La fortuna del cártel se midió en miles de millones invertidos en propiedades, negocios legales y estructuras financieras que le daban apariencia de legitimidad a un dinero absolutamente ilegal. Benjamín era el arquitecto de todo eso, el hombre detrás del hombre. La rivalidad con el cártel de Sinaloa marcó al clan arellano Félix de una manera que ninguno de sus integrantes habría podido anticipar.

La guerra con Joaquín, el Chapo Guzmán, fue brutal, prolongada y llena de episodios que trascendieron el mundo criminal para instalarse en la memoria colectiva de México. El más grave ocurrió el 24 de mayo de 1993 en el aeropuerto internacional de Guadalajara, cuando sicarios del cártel ejecutaron al cardenal Juan Jesús Posadaocampo en medio de un enfrentamiento armado.

La versión oficial sostuvo durante años que fue un caso de identidad equivocada que los pistoleros confundieron al prelado con el Chapo. Nunca hubo condena firme ni verdad judicial definitiva sobre ese hecho. Y el asesinato de un alto dignatario de la Iglesia Católica en un aeropuerto mexicano encendió la presión internacional sobre el gobierno de México para desmantelar a los grandes cárteles.

Para Benjamín, ese episodio marcó el inicio del fin de la impunidad que su organización había disfrutado durante años. Ese día todo cambió, aunque nadie lo entendió en ese momento, porque lo que ocurrió ese día no se quedó ahí. Fue el inicio de algo que con el tiempo terminaría alcanzándolo. La caída de Benjamín comenzó el día que su hermano Ramón murió.
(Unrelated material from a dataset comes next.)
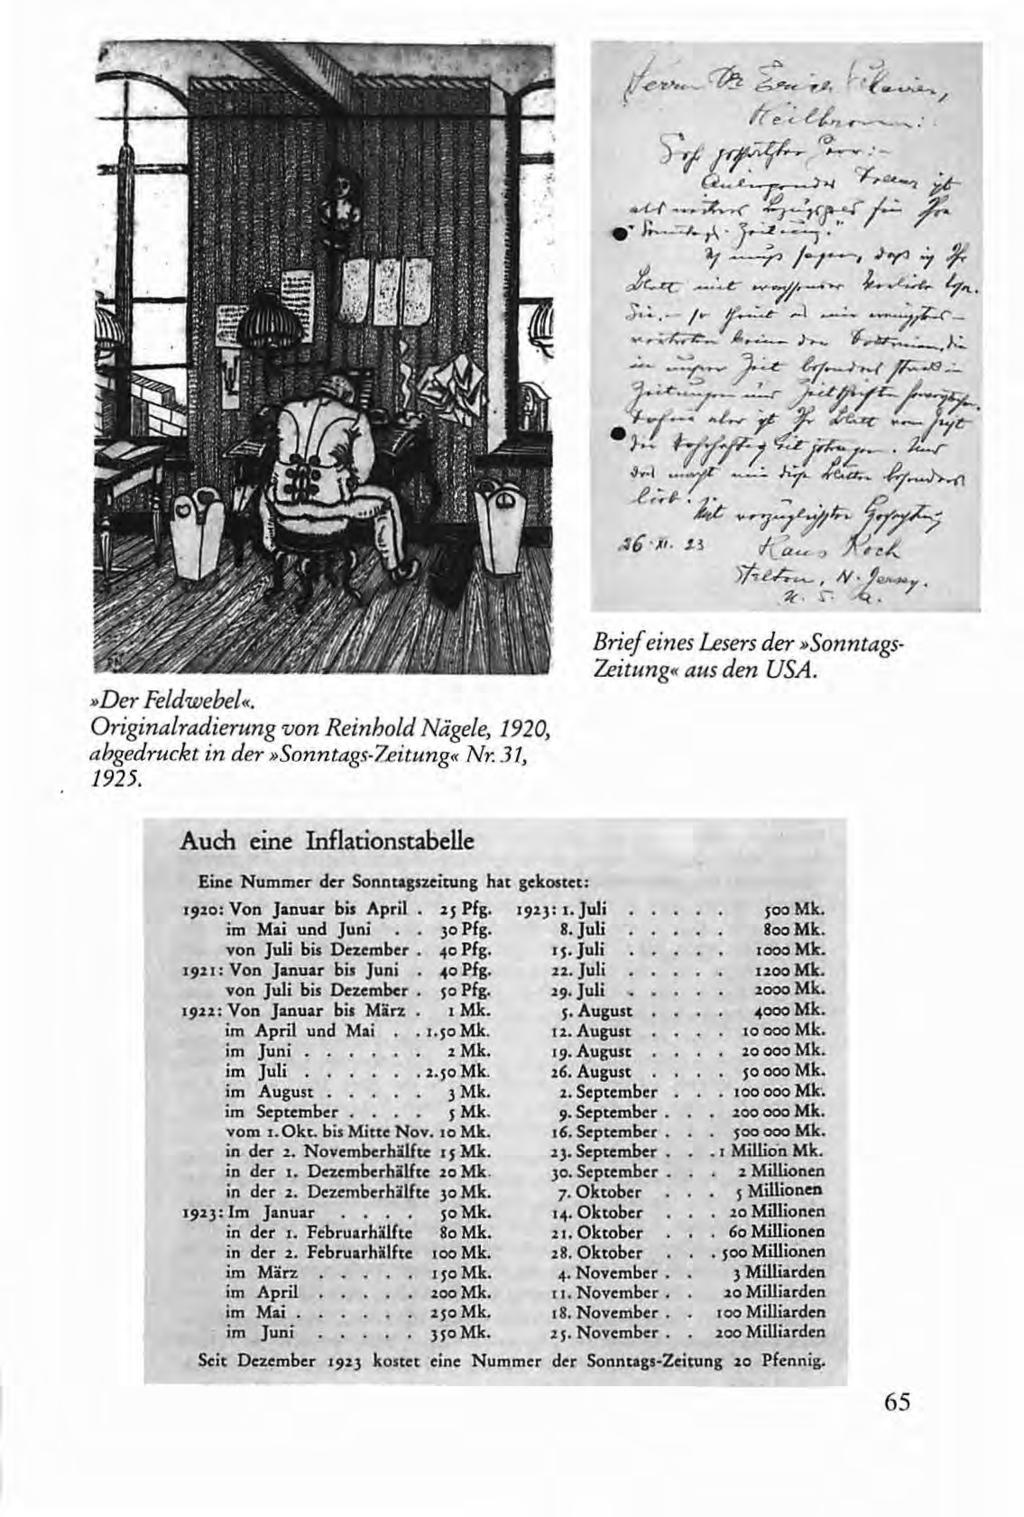 »Der Feldwebel«. Originalradierung von Reinhold Nägele, 1920, abgedruckt in der»sonntags-zeitung«nr. 31, 1925. Brief eines Lesers der»sonntags Zeitung«aus den USA.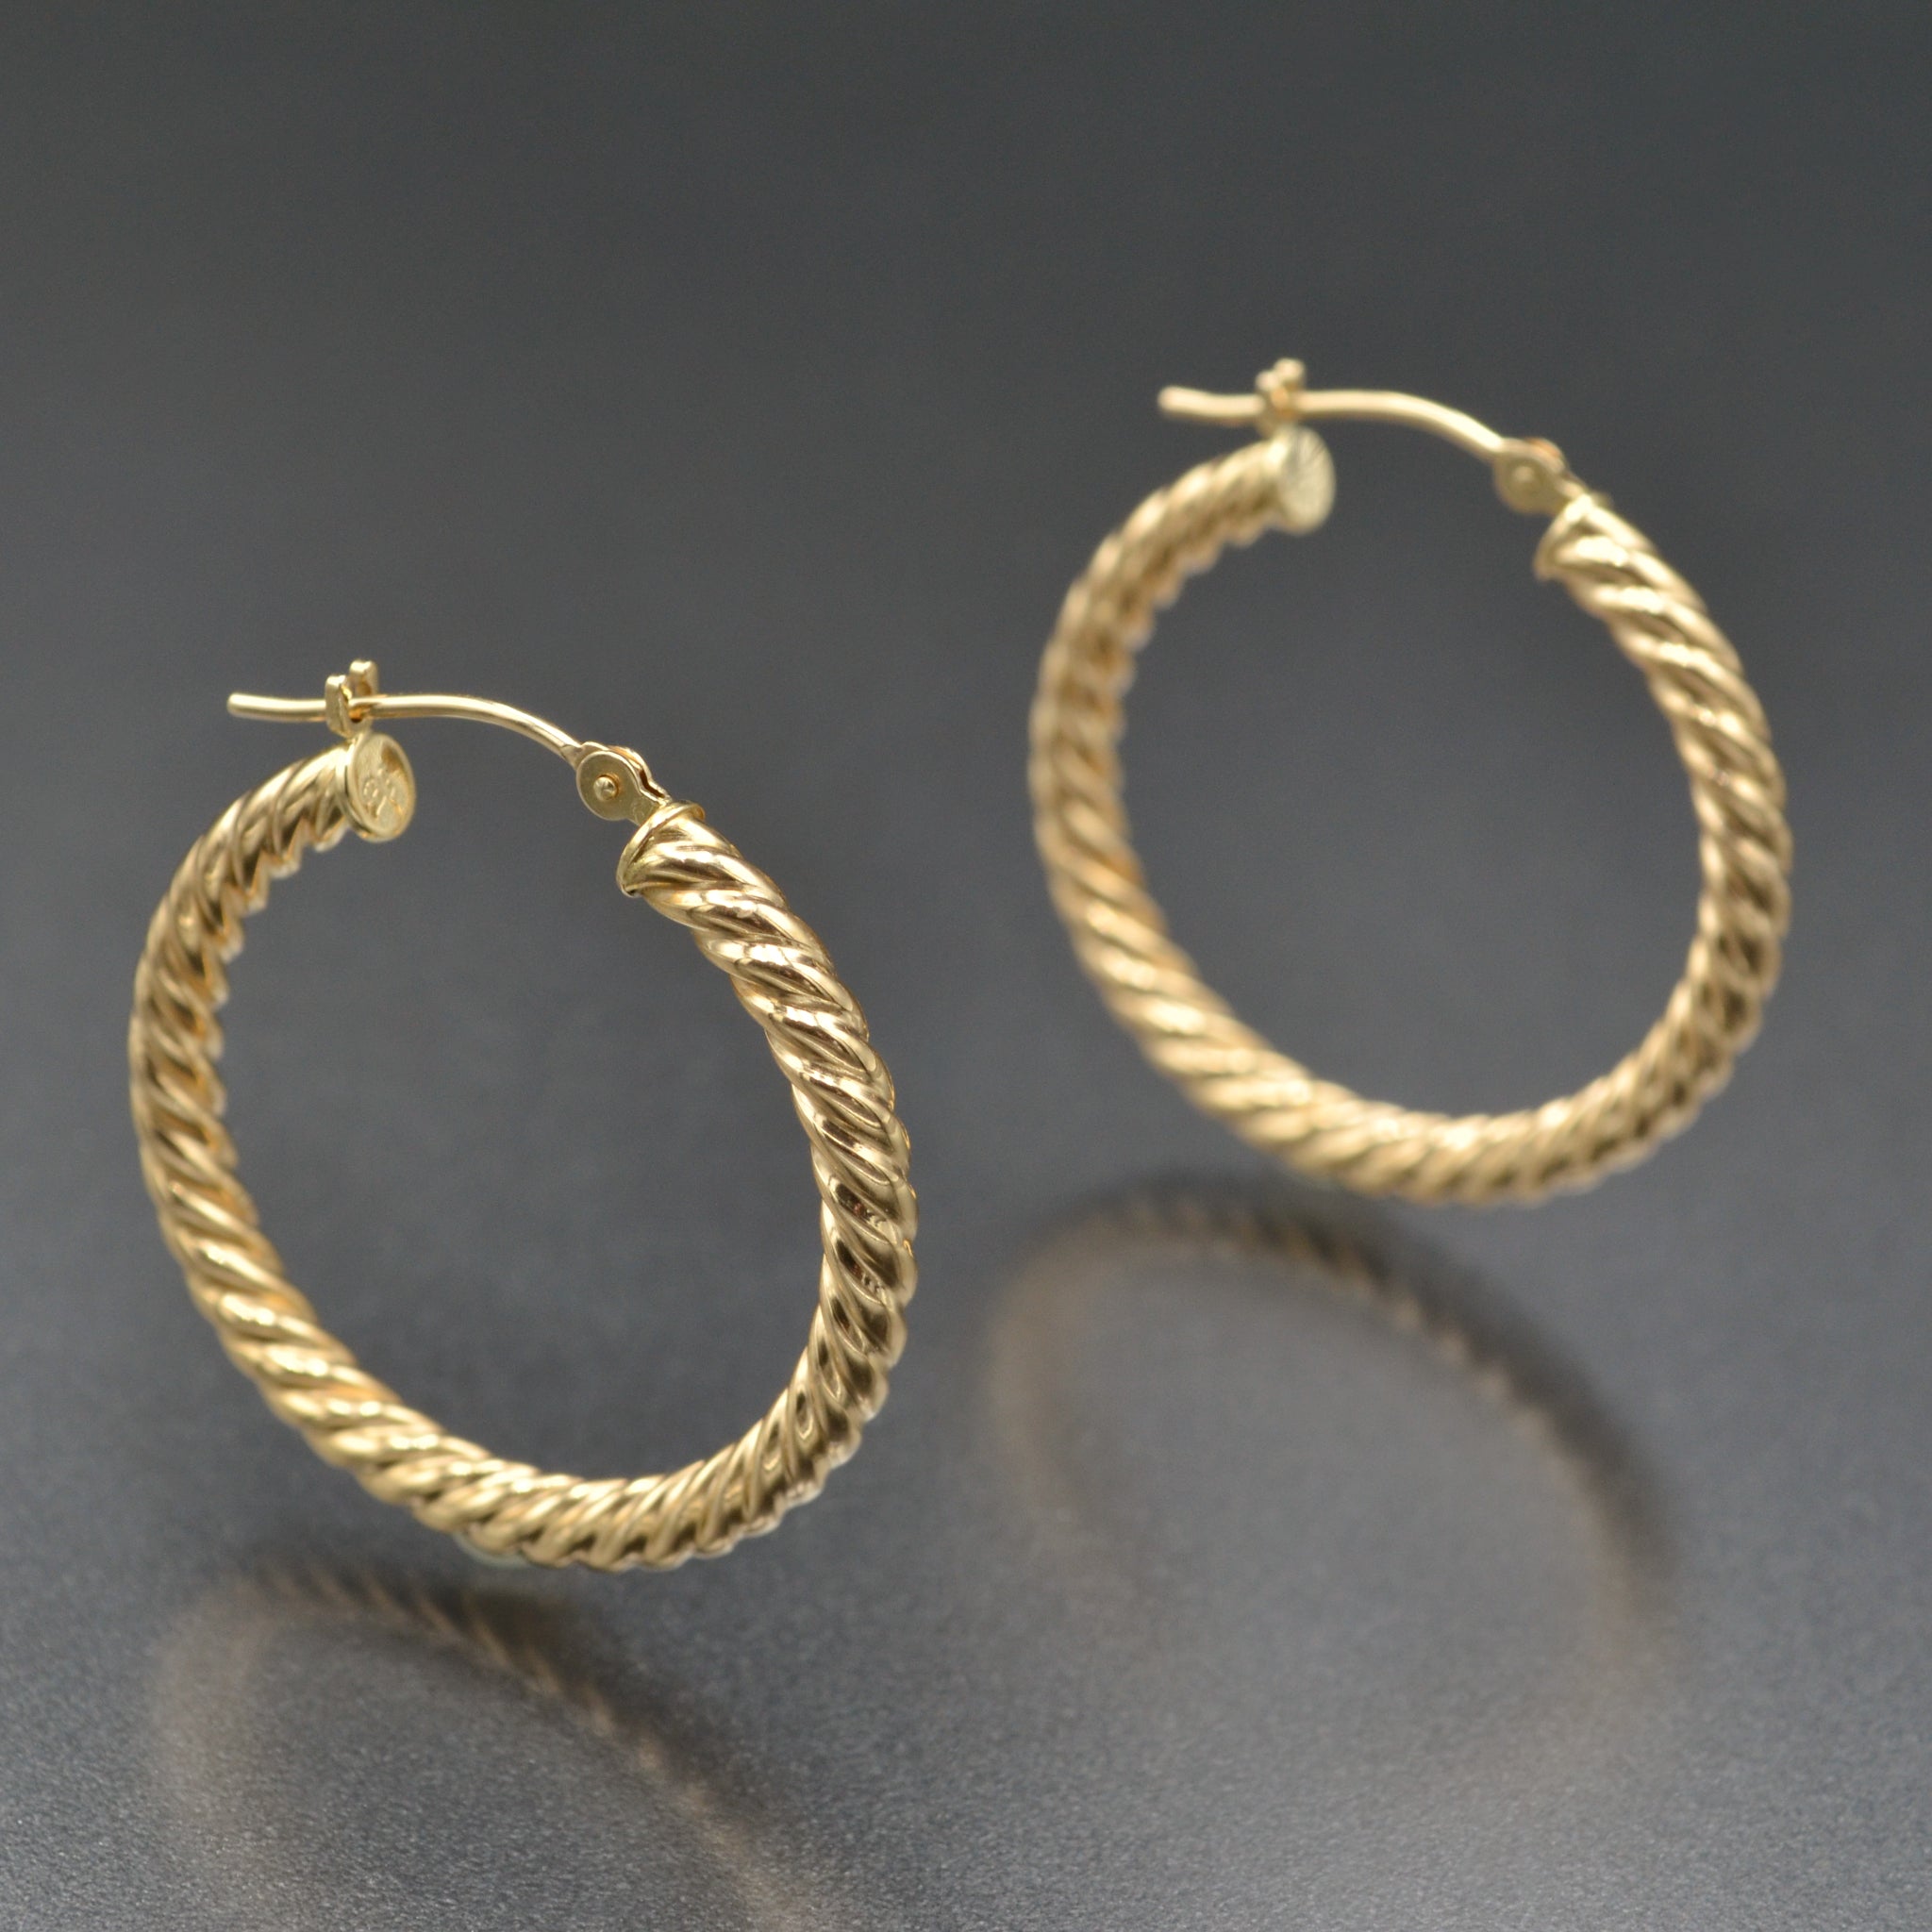 Vintage 14kt Yellow Gold Hoop Earrings - 1.6 Grams | eBay

El 10 de febrero de 2002, Ramón Arellano Félix fue abatido en Mazatlán durante una operación que terminó en balacera con agentes de la policía ministerial. La noticia sacudió al cártel desde adentro, sin su brazo armado, más temido, sin la figura que mantenía el terror como mecanismo de control. La organización quedó expuesta en un momento crítico.

26 días después del asesinato de Ramón, el ejército mexicano arrestó a Benjamín en el estado de Puebla, donde llevaba meses escondido bajo una identidad falsa, construyendo una vida paralela lejos de Tijuana. No hubo balacera, no hubo resistencia espectacular. El hombre que había dirigido un cártel durante más de una década fue detenido de manera casi discreta en un operativo que demostró que las autoridades lo habían localizado mucho antes de actuar.

La imagen del capo bajo custodia recorrió todo el país y marcó el inicio del fin. Pero lo que sucedió años después, ya lejos del poder y dentro de una prisión, cambiaría la forma en que él mismo intentó contar su historia. Tras su captura en México, Benjamín Arellano Félix fue procesado en ese país y sentenciado a 22 años de prisión por narcotráfico y crimen organizado.

Cumplió parte de esa condena en penales mexicanos de alta seguridad, pero el sistema judicial estadounidense tenía sus propios cargos acumulados. La DEA lo había rastreado durante años construyendo un expediente que documentaba su participación en el tráfico de cocaína hacia California, el lavado de millones de dólares y su complicidad en asesinatos en ambos lados de la frontera.